The chief priests and the scribes could not tolerate all this commotion and breaking of rules. You don’t charge into church and start tearing stuff up and disrupting the liturgy! And what do you mean, “Hosanna to the Son of David!”? Who is this man, and who gave him power? We’re in charge! The official power-holders were angry. They exchanged words with Jesus, who then left the Temple and walked to Bethany, where he spent the night—probably at the home of his friends, Mary, Martha and Lazarus.
Now, the next morning, Jesus returns to the Temple. He resumes teaching. The priests and scribes surround him. “By what authority are you doing these things, and who gave you this authority?” In other words, “What we really want to know is ‘Are you the Messiah’ but we don’t dare ask that out loud, because you probably won’t say yes, and if you say no, we are not sure we will believe you. Instead, we will play word games and try to trap you politically. Then we’ll be able to charge you with heresy.”
Of course the underlying issue is authority and power. As bishop and scholar Tom Wright has noted, Jesus walked into the Temple like he owned the place. “The only person who might conceivably have greater authority in the Temple than the high priest was God’s anointed king, the Messiah—if and when he showed up. Nobody knew when that would be. Other would-be messiahs had come and gone. Now here was Jesus behaving as though he had the right to do what only the Messiah could do. So, naturally, they ask him: by what right are you doing all this? And who gave you this right?” The people with official, institutional power are nervous, because this country boy from Galilee has assumed power. If he is who they fear he is, Jesus will change the status quo.

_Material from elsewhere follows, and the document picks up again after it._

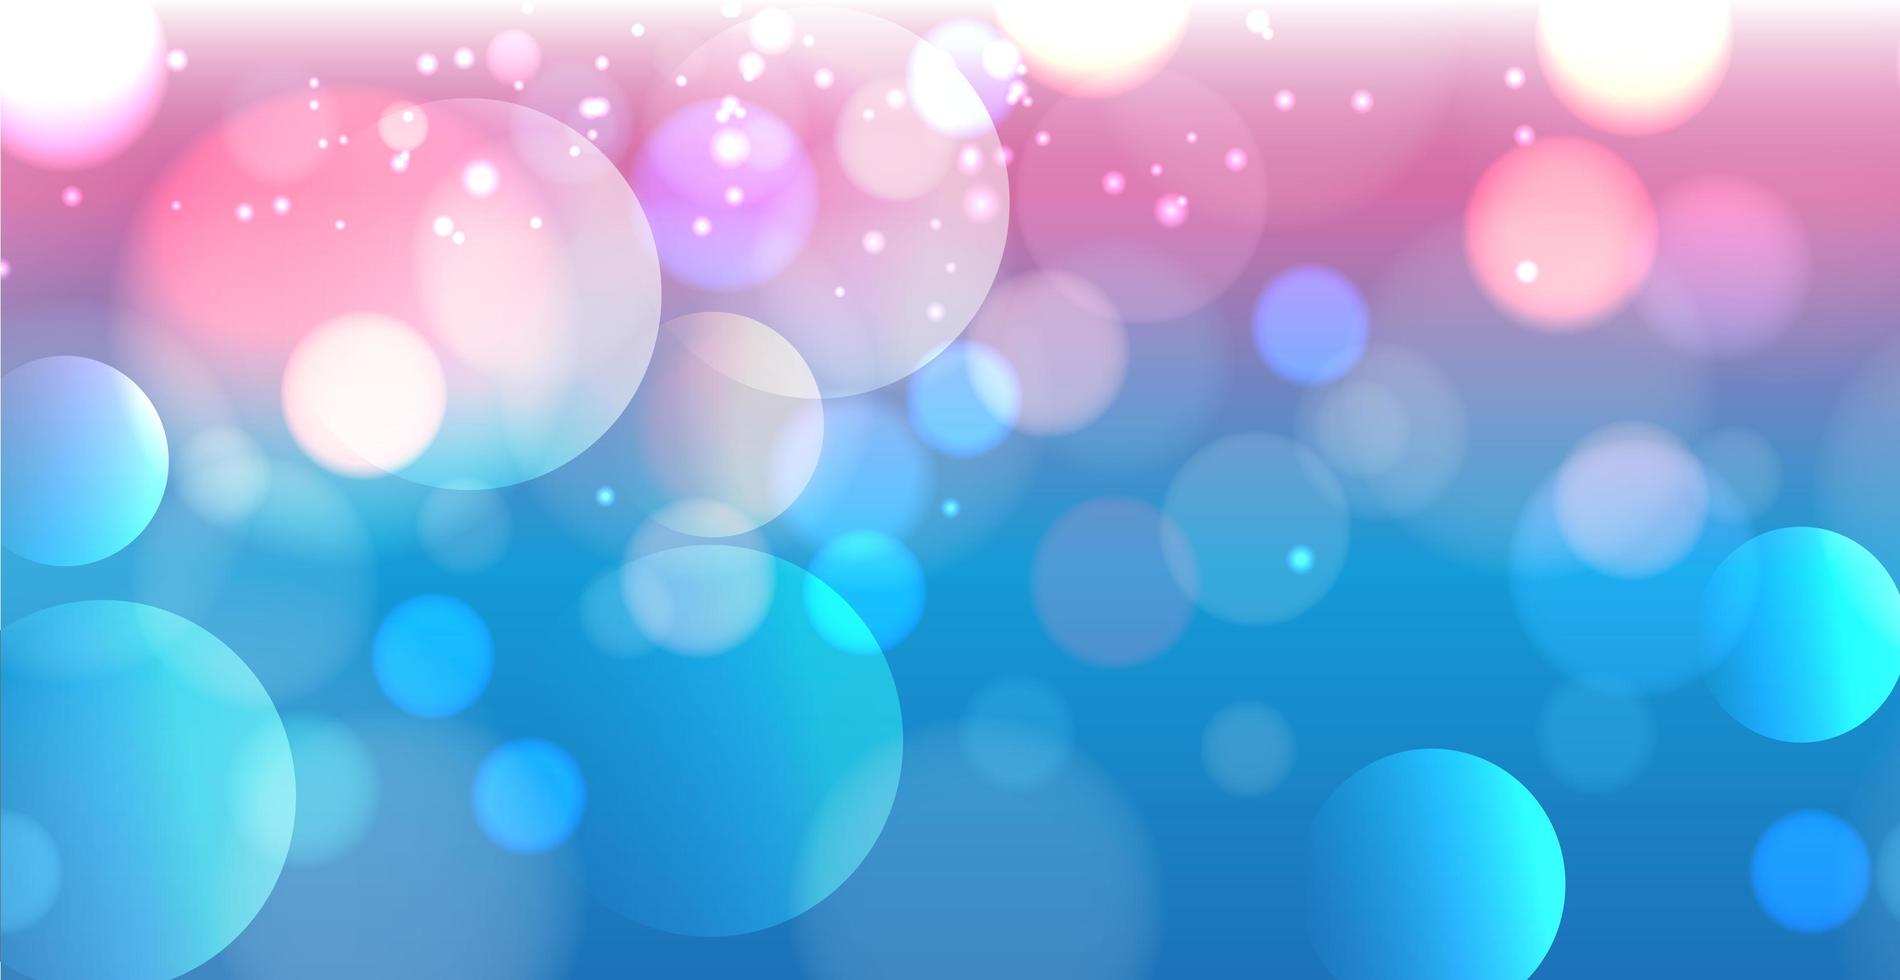 abstrait bleu bokeh avec des cercles défocalisés et des paillettes. élément de décoration pour les vacances de noël et du nouvel an, cartes de voeux, bannières web, affiches - image vectorielle vecteur

In fact, Jesus already has. With every act of preaching, teaching and healing, Jesus has shown people a new way to hope, to believe, to live. God’s kingdom has come to life in a new way. The Kingdom is here. Right now. In the midst of their struggles to pay their bills and feed their families and take care of their elderly and sick. Jesus says, God is here. Not just in the Jerusalem Temple, in the Court of Priests, not just in the Holy of Holies where only the High Priest was allowed to be. God does not come among you just when you dress right and act right in church. God is with you every day. In the lilies of the field. In sparrows. In the laughter of children. In the breaking of bread at the dinner table.
More to the point, the Kingdom of God that has come to the people means that the officially powerful will have that power ripped from them. God will scatter the proud. Bring down the powerful from their thrones. Lift up the lowly. Fill the hungry with good things. Send the rich people away empty. Rich people are not used to being empty.
Where will that leave the Church elite? With no real power or authority. And they know it. Jesus tells them a little story about two brothers. The father asks one to go work in the vineyard and he rudely says no. But later, he changes his mind, repents, and does what he was asked to do. He goes to work in the vineyard. The other brother says “Sure, I’ll go,” but he never does. So his action—or non-action—says more than his words. The first brother represents the tax collectors, the prostitutes, the people whose daily lives “seemed to be saying ‘No’ to God, but when they heard John [the Baptist] they changed their mind and their lifestyle.”
The second brother represents the Temple elite—the priests and scribes who confront Jesus—because while they sound good and look good and go through the right motions, their actions do not match their words. They had refused to listen to John who challenged them to repent, to change. Now they refuse to see God’s kingdom brought to life in Jesus of Nazareth. The bottom line is that the church officials have power. Yet Jesus—who has no official power—claims his authority.
What is the difference? Some say that power is taken. Authority is given. Authority almost has to be discussed in the context of community, how that authority operates in a particular time and place. For example, as an Episcopal priest, I am under the authority of my bishop. +Marianne has been consecrated as a bishop. I am canonically resident in her diocese. So she has official power over me. Yet what I see is that she seems to know who she is, deep within herself, and that God has given her the authority she claims. From my perspective, she uses that authority wisely. Therefore, I trust her as my bishop. That means that even when I disagree with her decisions, I trust her judgment and authority.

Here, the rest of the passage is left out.